Amiodarone is indicated in the treatment of a heart rhythm disturbance known as ventricular arrhythmias. Specifically, it is intended to be used for disturbances of this kind that are life-threatening, repetitive and hard to treat with other medications. The medication does have a number of potential side-effects and the labeling clearly states that no studies in pediatric patients have been done.

The company has identified two possible risks that caused it to release its warning. Both of these risks occur when the intravenous form of the medication is used - not the tablet form that patients might take at home.

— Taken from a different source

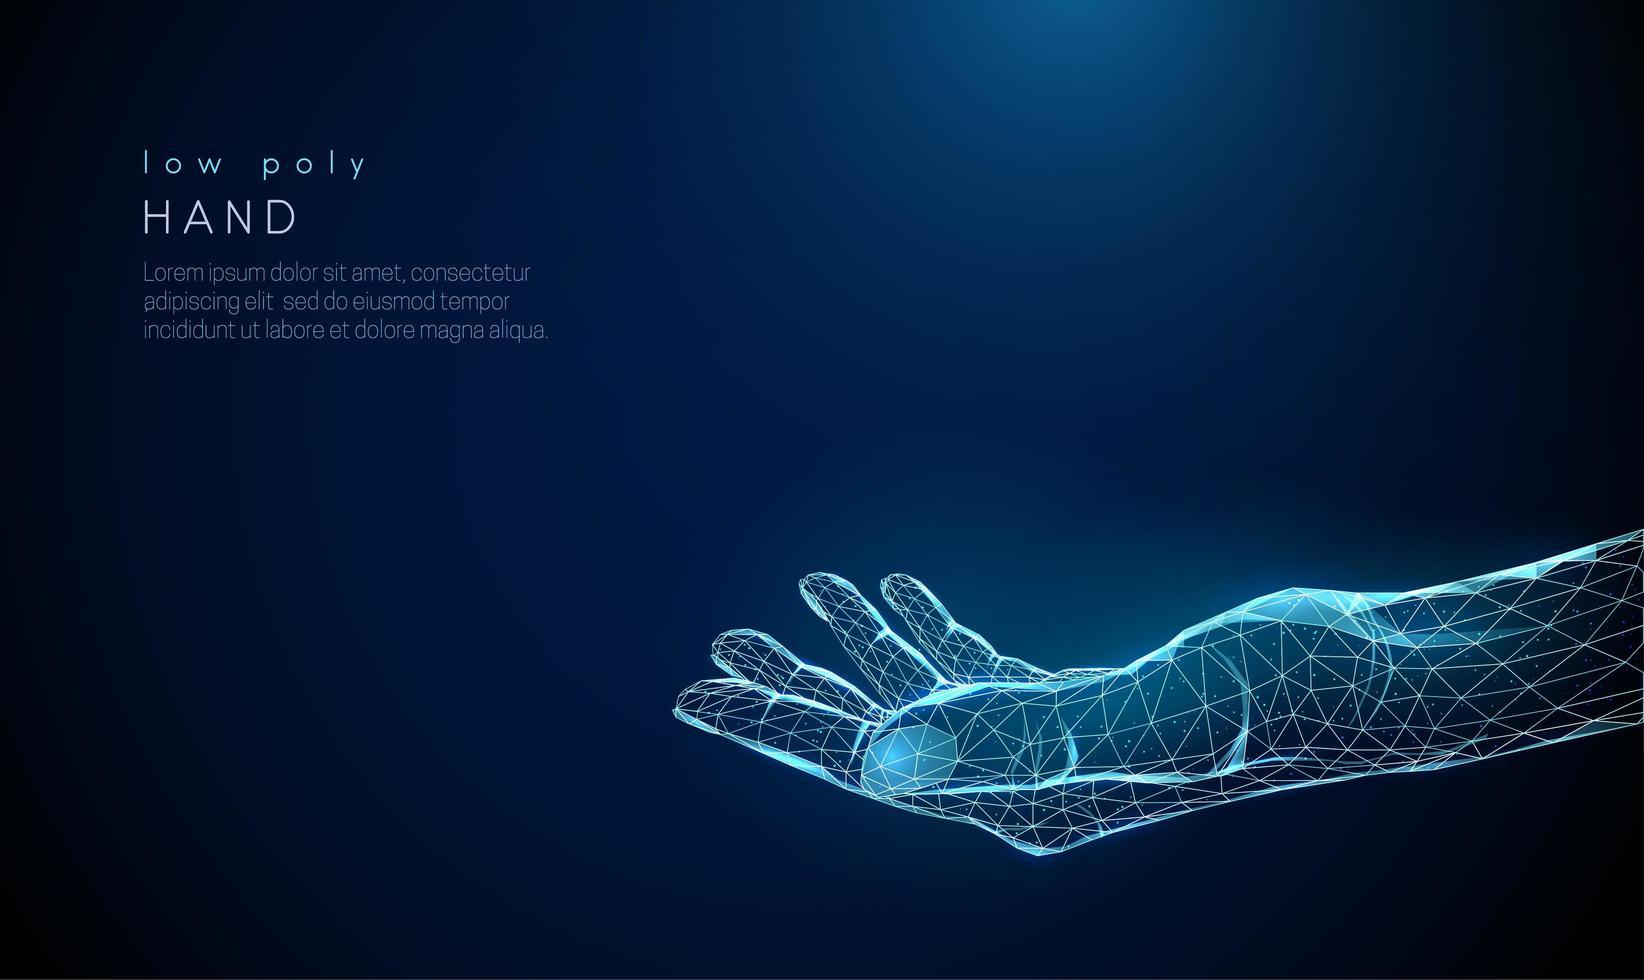 abstrakte Hand geben. Low Poly Style Design. vektor
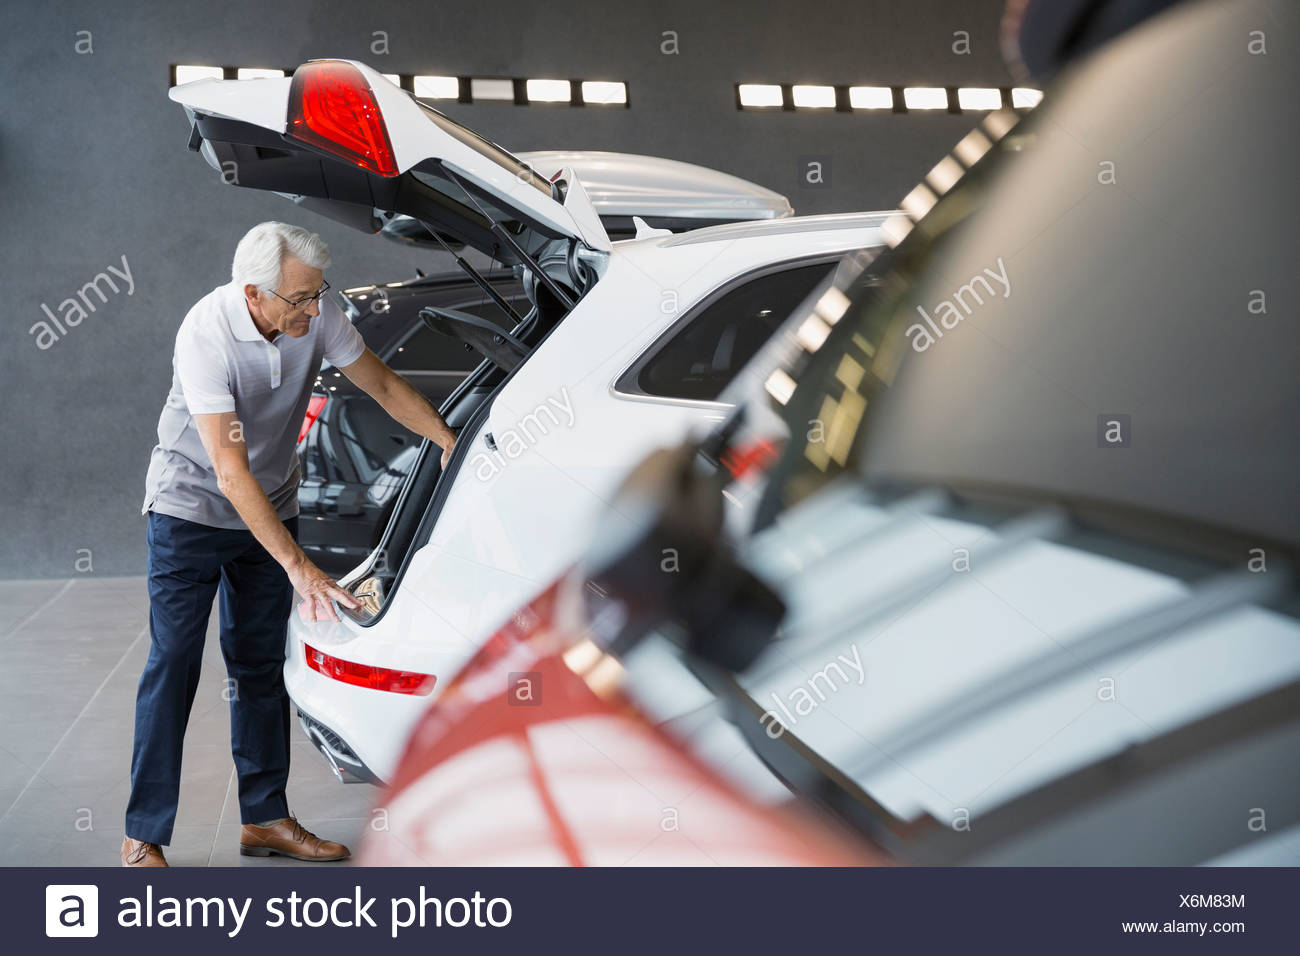 Man looking inside car in car dealership showroom Stock Photo

The first problem is that the medication may cause a syndrome known as "gasping syndrome" in neonates. This can be a potentially fatal side effect. The second problem involves the fact that the medication reacts with the plastic tubing used in intravenous lines. When it is infused through these lines, the company states that it can "leach out plasticizers" and these chemicals have been shown in animal studies to have potentially harmful effects on the male reproductive system during development.

Anesthesiologists, in the setting of both the operating room and the intensive care unit, are among the group of physicians that use amiodarone frequently. It is important, therefore, for those caring for pediatric patients to be aware of these possible problems and take heed of the warnings from the company and the FDA.